#### [What you need to do]
Output exactly the lines from the one containing "AMD announces the Radeon Pro VII as an" through the final line of the entries below, both included, and skip the pictures.

=== Material provided ===

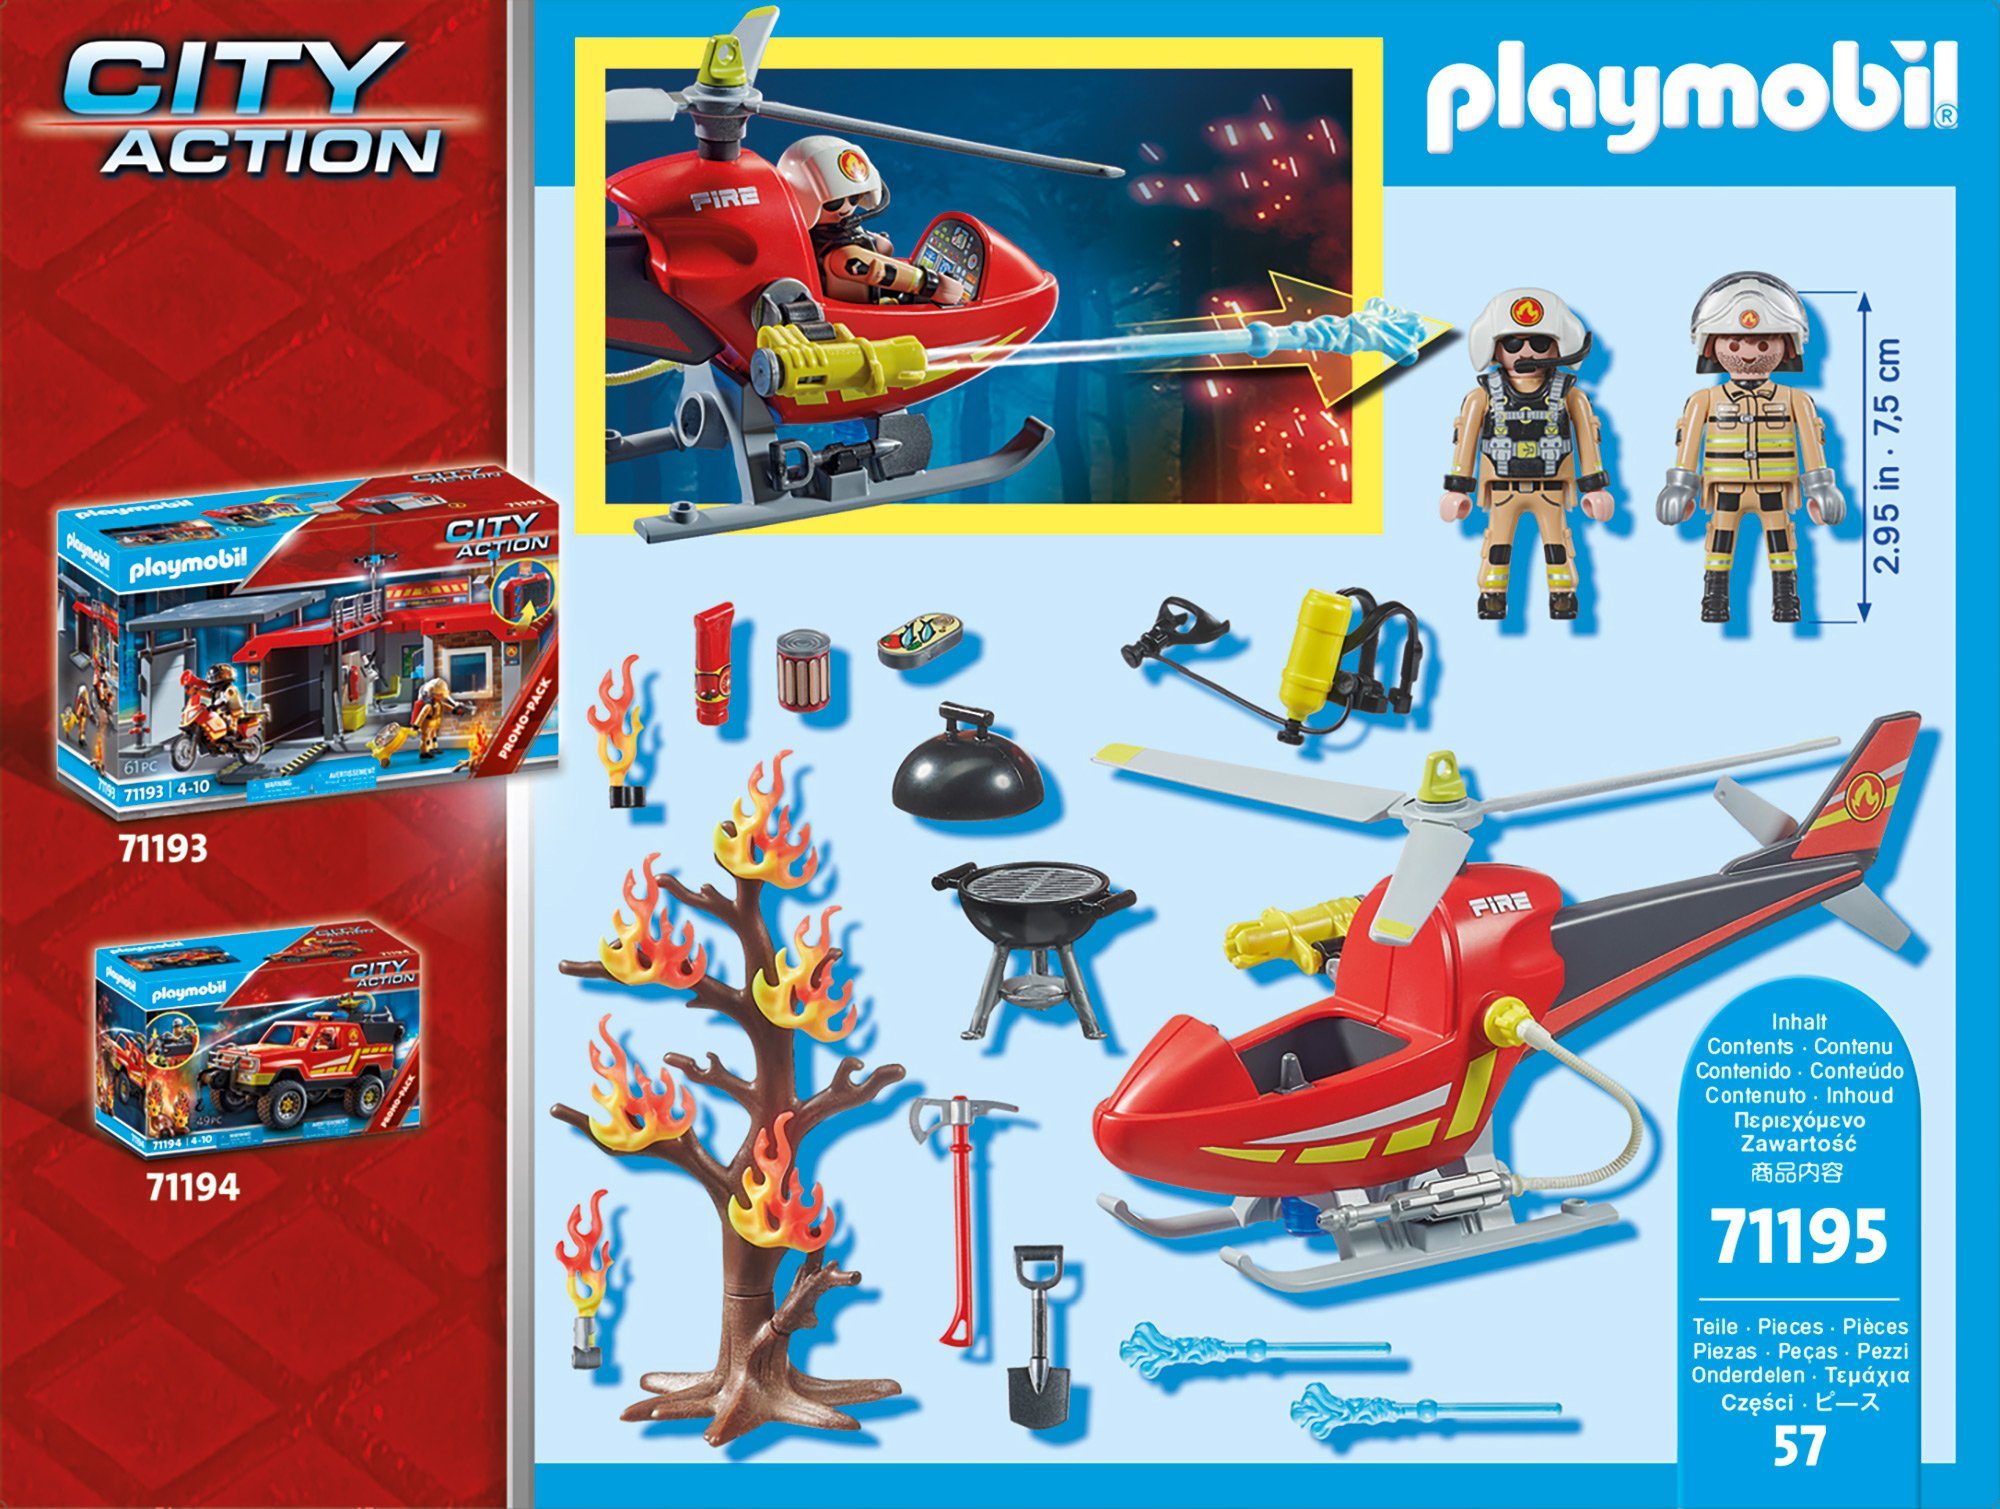 in Konstruktions-Spielset Germany St), (57 Made Action, Playmobil® (71195), Feuerwehr-Hubschrauber City
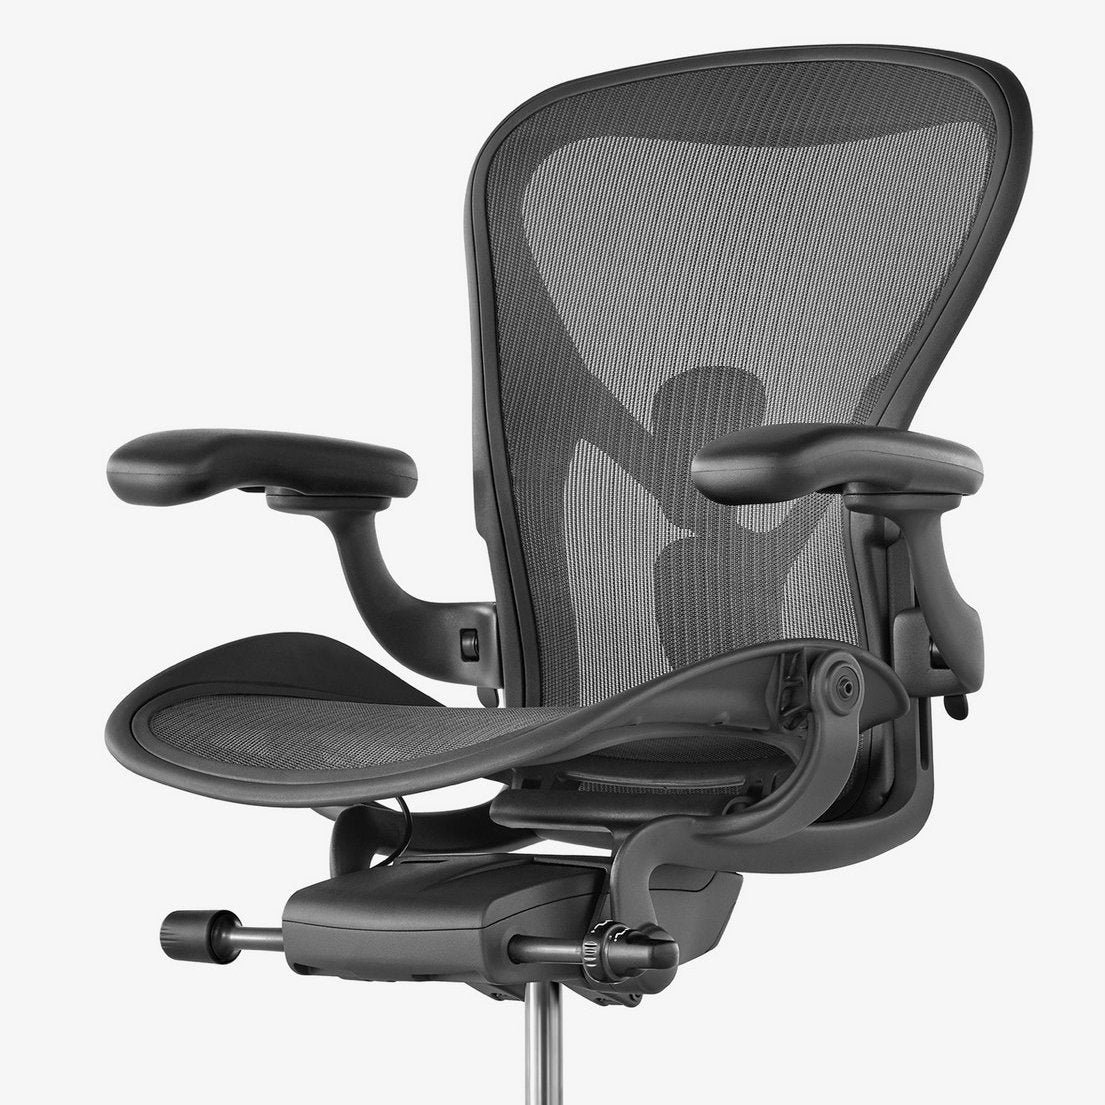 Aeron Chair Remastered Graphite.LG 71228822 9962 442c Ada6 74ea95d9375c ?v=1552977615
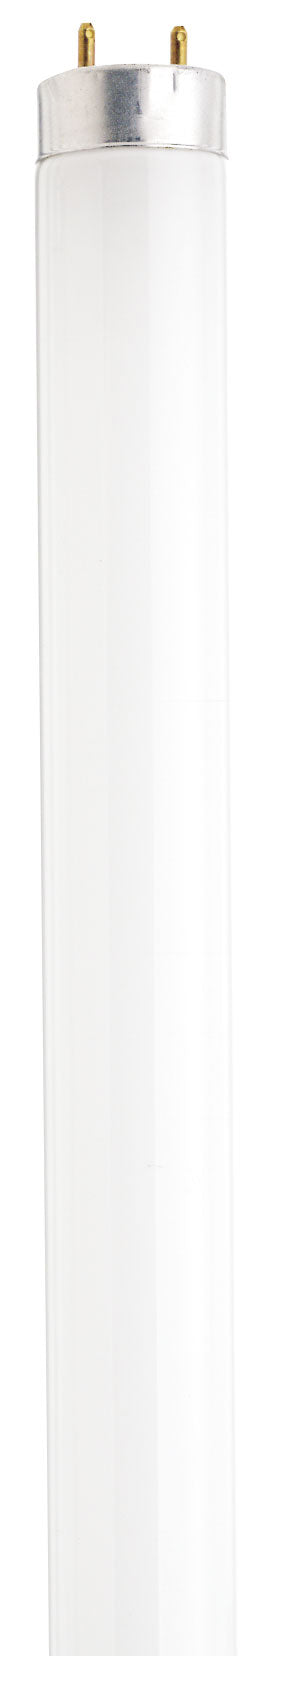 SATCO/NUVO 17W T8 Fluorescent 3000K Warm White 82 CRI Medium Bi-Pin Base Shatterproof (S6523-TF)
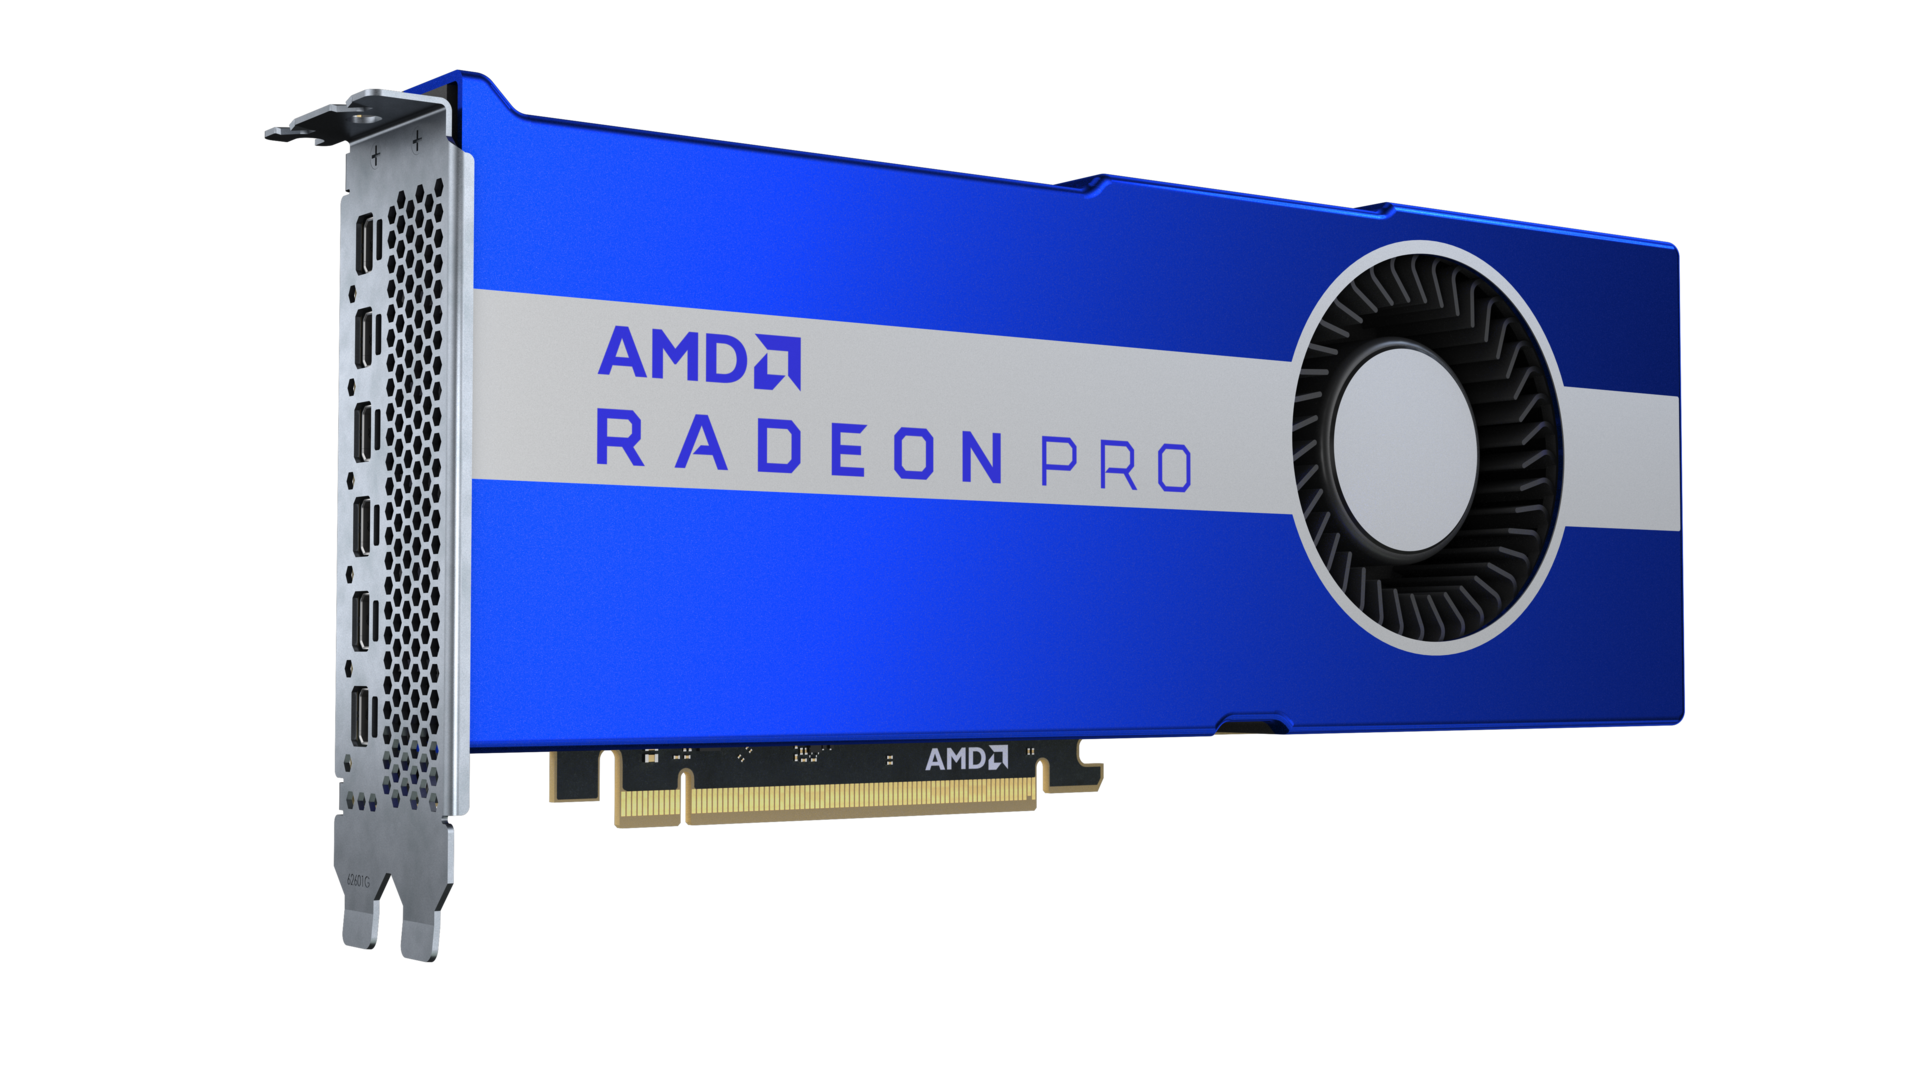 AMD announces the Radeon Pro VII as an 
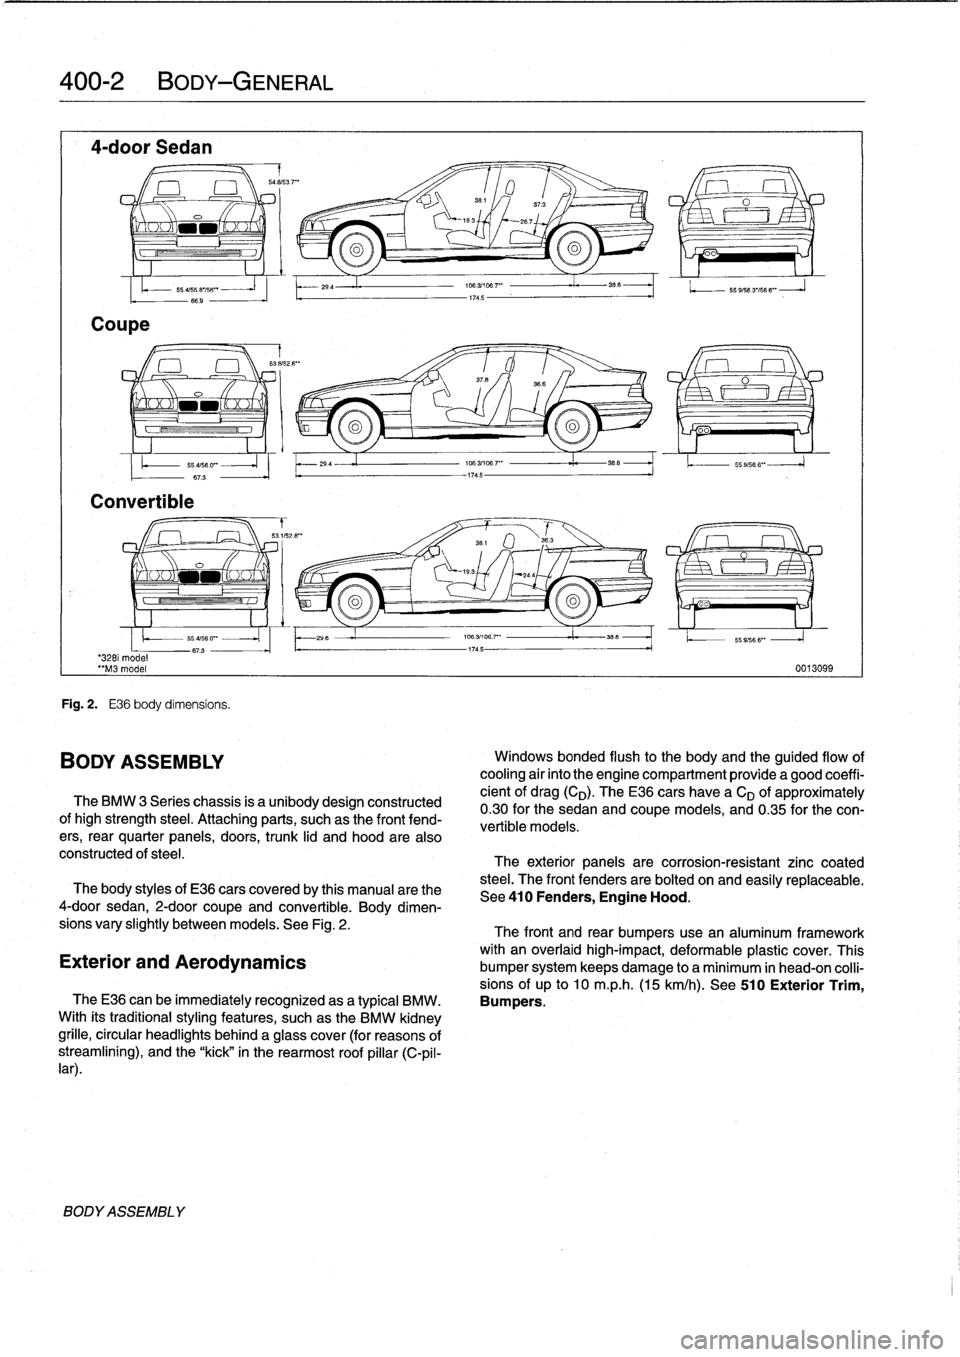 BMW 323i 1995 E36 Workshop Manual 
400-2
BODY-GENERAL

4-door
Sedan

Coupe

-
saas3
.7""

351
/

	

37
.3
O

	

I
x
`-193

	

267

o
oa

3281
model
"M3
model

Convertible

BODYASSEMBLY

55
ass
.e
iss
""
-
66
.9
-

Fig
.
2
.

	

E36
b

===

#### [Solved problem]
 AMD announces the Radeon Pro VII as an 
 BMW 323i 1995 E36 Workshop Manual 
400-2
BODY-GENERAL

4-door
Sedan

Coupe

-
saas3
.7""

351
/

	

37
.3
O

	

I
x
`-193

	

267

o
oa

3281
model
"M3
model

Convertible

BODYASSEMBLY

55
ass
.e
iss
""
-
66
.9
-

Fig
.
2
.

	

E36
b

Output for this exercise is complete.